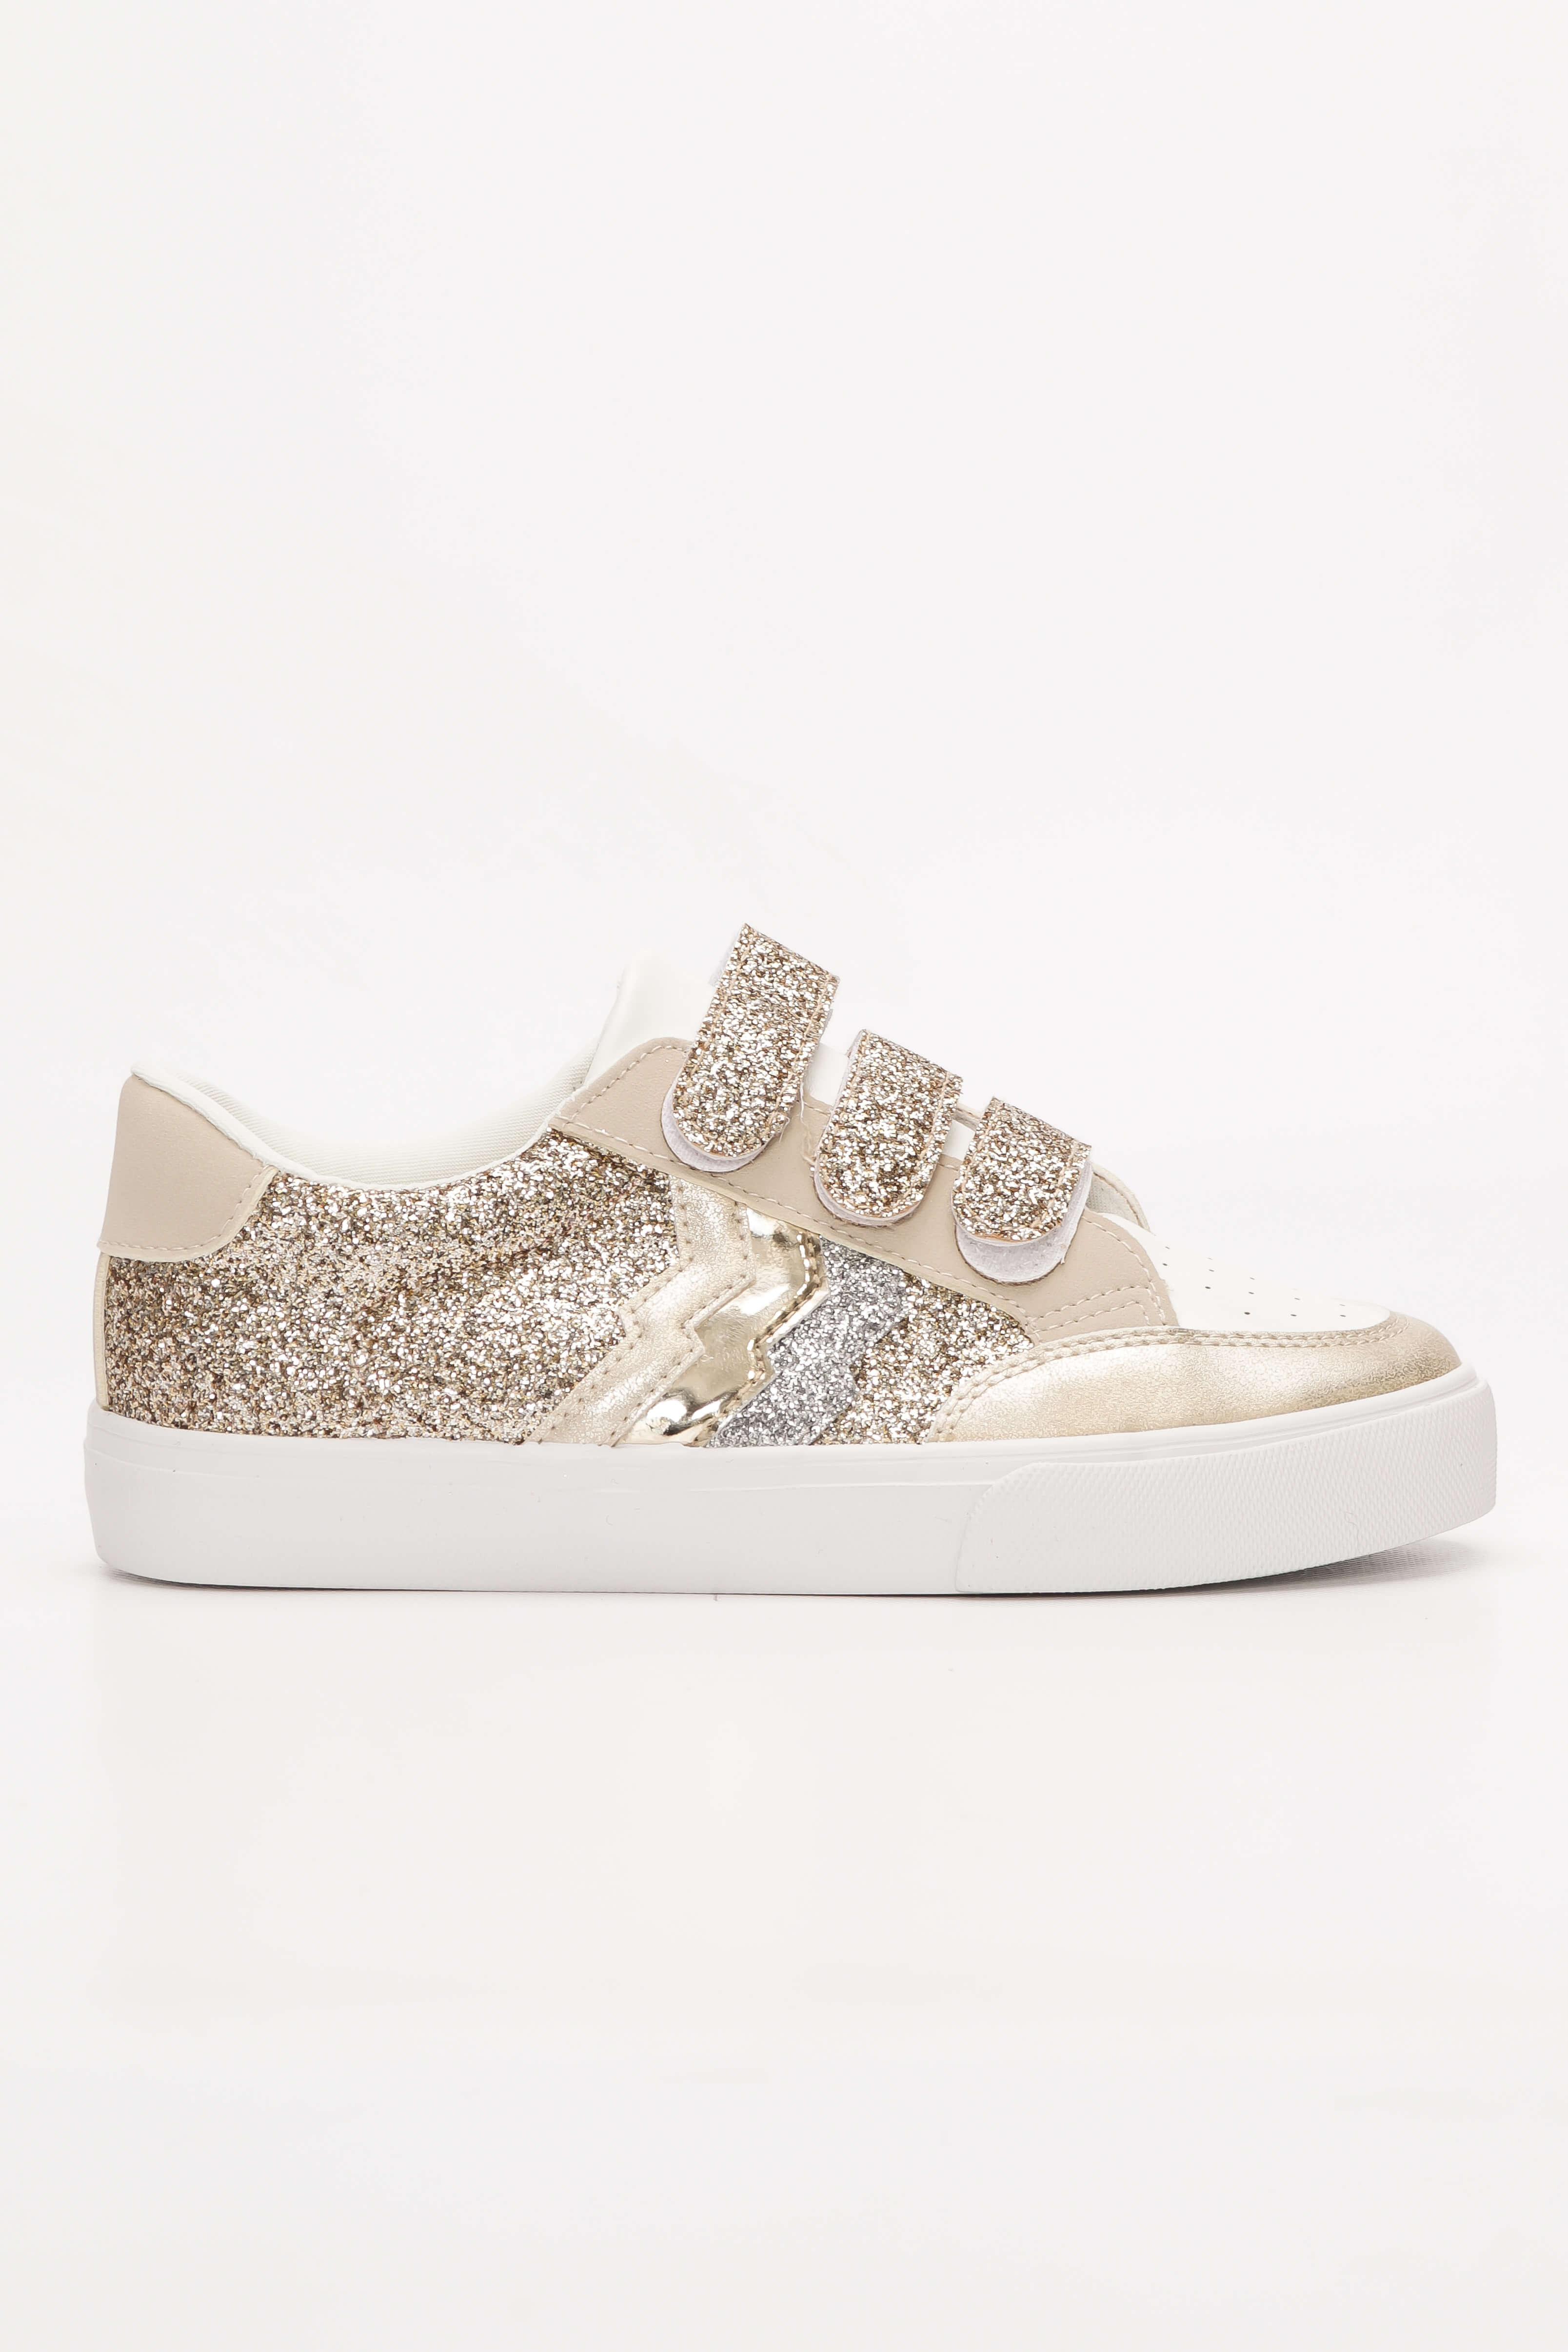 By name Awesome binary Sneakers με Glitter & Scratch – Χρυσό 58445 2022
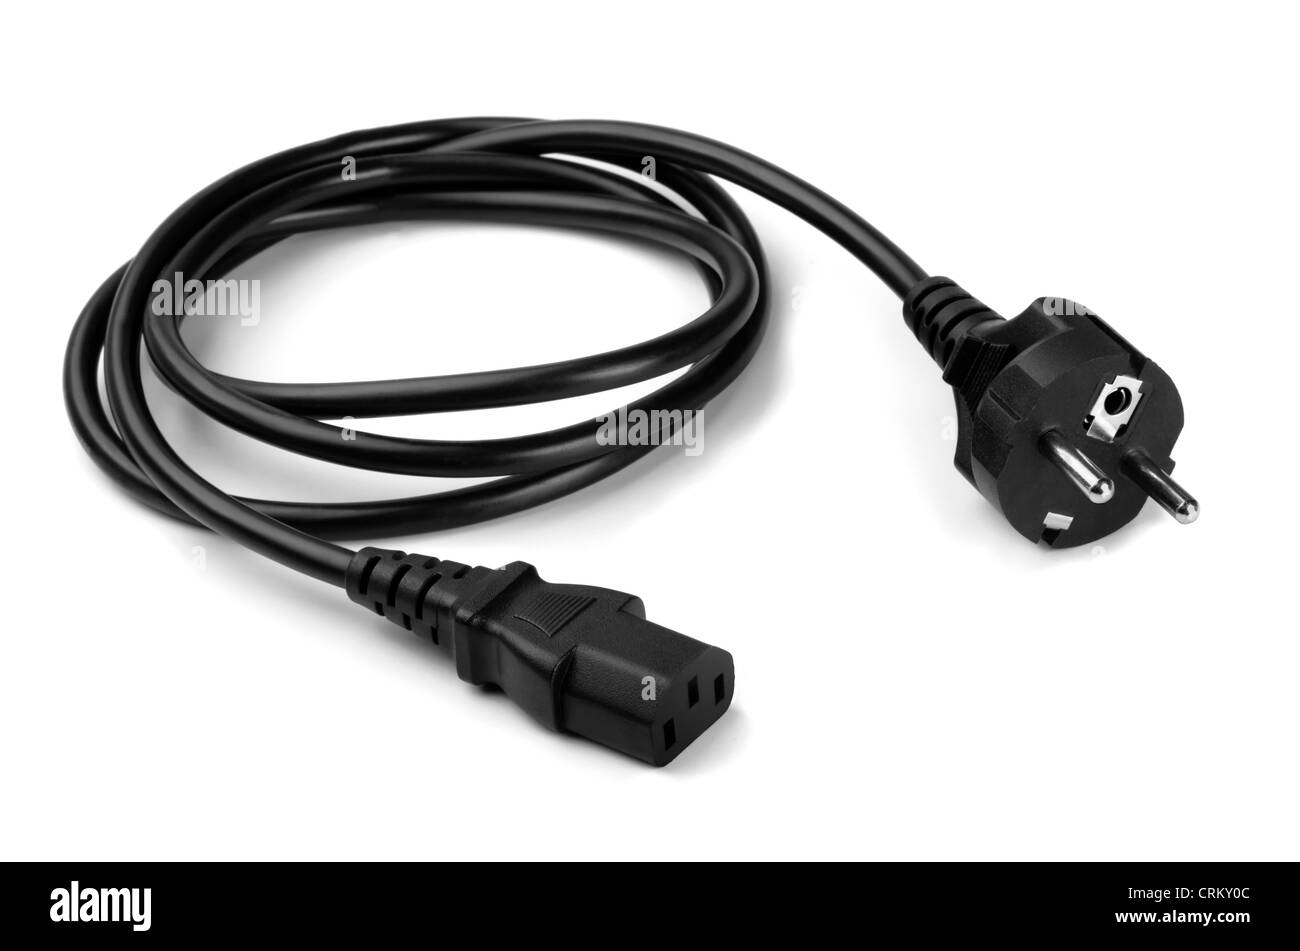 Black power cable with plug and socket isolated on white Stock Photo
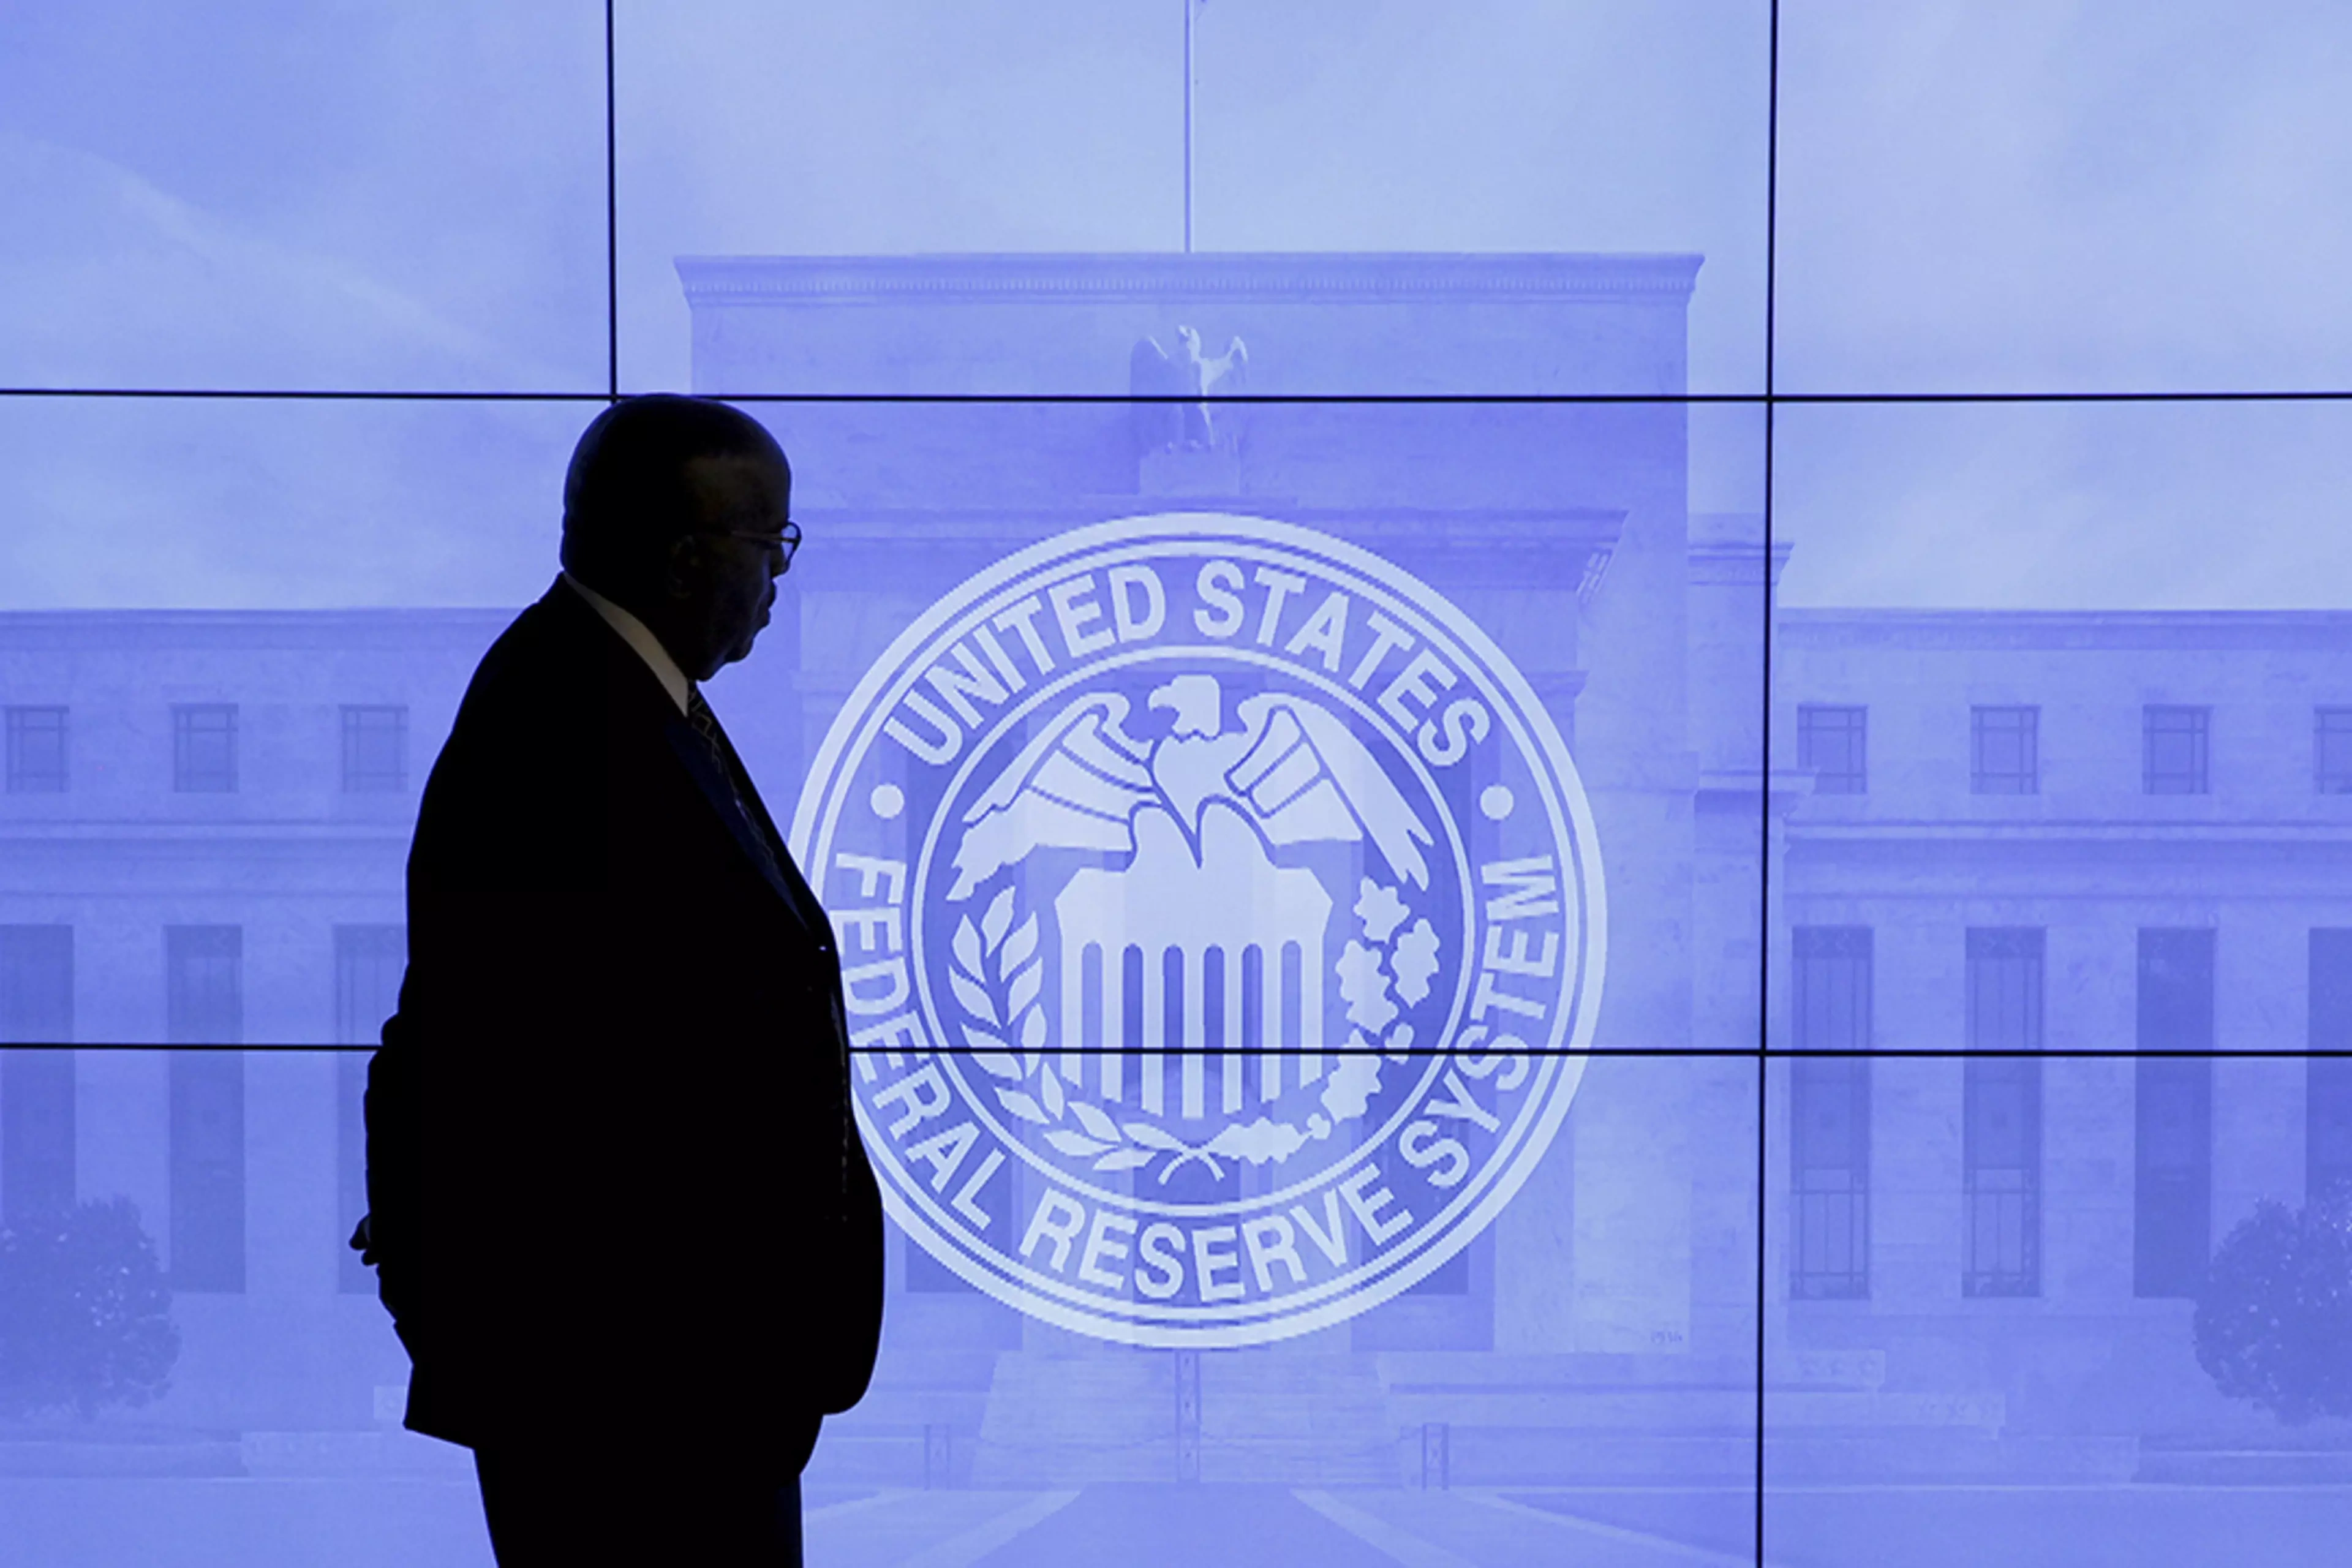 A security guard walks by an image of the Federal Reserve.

============

Problem details
Apart from the pictures, every line of the material above is to be returned word for word.

Written response
 By name Awesome binary Sneakers με Glitter & Scratch – Χρυσό 58445 2022
 Black power cable with plug and socket isolated on white Stock Photo
 A security guard walks by an image of the Federal Reserve.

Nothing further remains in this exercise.